The Magic: They didn't tell the AI "This is a man" or "This is a woman" explicitly. Instead, they gave it two secret codes (0 and 1) and let the AI figure out on its own that "Code 0" acts like women and "Code 1" acts like men.
The Outcome: The AI got smarter. It learned that men and women hear things differently. Because it understood these two different perspectives, it actually got better at predicting the average score too!

Why Should You Care?

This paper is a wake-up call for the tech world.

Fairness: If we only use "Average" scores to judge voice technology, we might be building products that sound great to men but terrible to women, and we won't even know it.
Better Tech: By acknowledging that people hear differently, we can build AI that is fairer and more accurate for everyone, not just one group.

In a nutshell: The researchers found that the "Average" score for voice quality is secretly biased toward men. They proved that computers trained on these averages learn this bias automatically. Their solution is to teach computers to understand that men and women have different "ears," which makes the computers smarter and the technology fairer for everyone.

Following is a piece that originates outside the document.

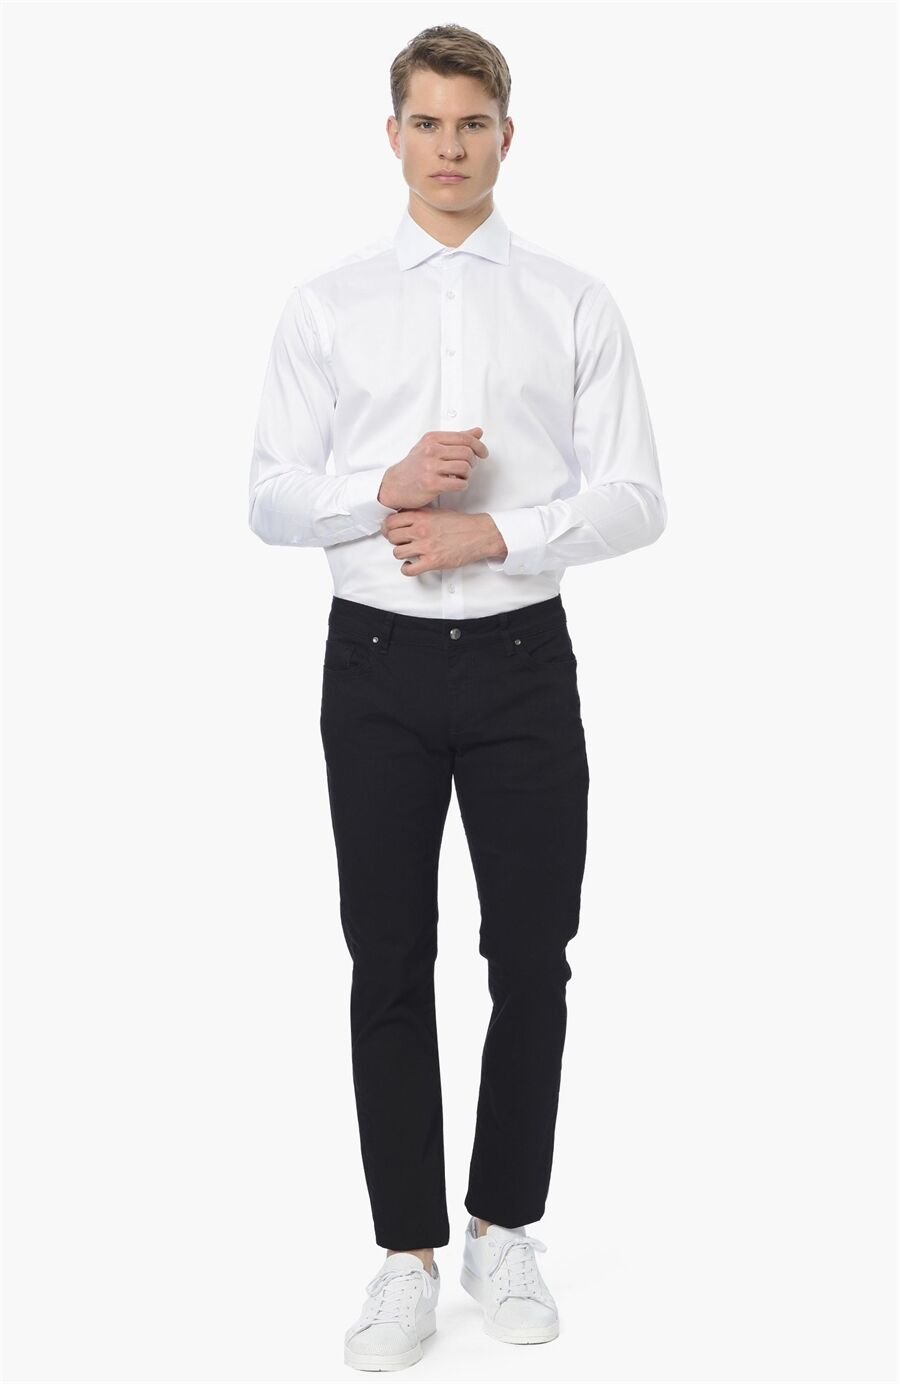 Diyagonal Slım Fit Siyah Casual Pantolon

Here is a detailed technical summary of the paper "MOS-Bias: From Hidden Gender Bias to Gender-Aware Speech Quality Assessment."

1. Problem Statement

The Mean Opinion Score (MOS) is the gold standard for subjective speech quality assessment in tasks like Text-to-Speech (TTS), Voice Conversion (VC), and Speech Enhancement. However, the paper identifies a critical, overlooked issue: systematic gender bias in human annotations and the subsequent propagation of this bias into automated prediction models.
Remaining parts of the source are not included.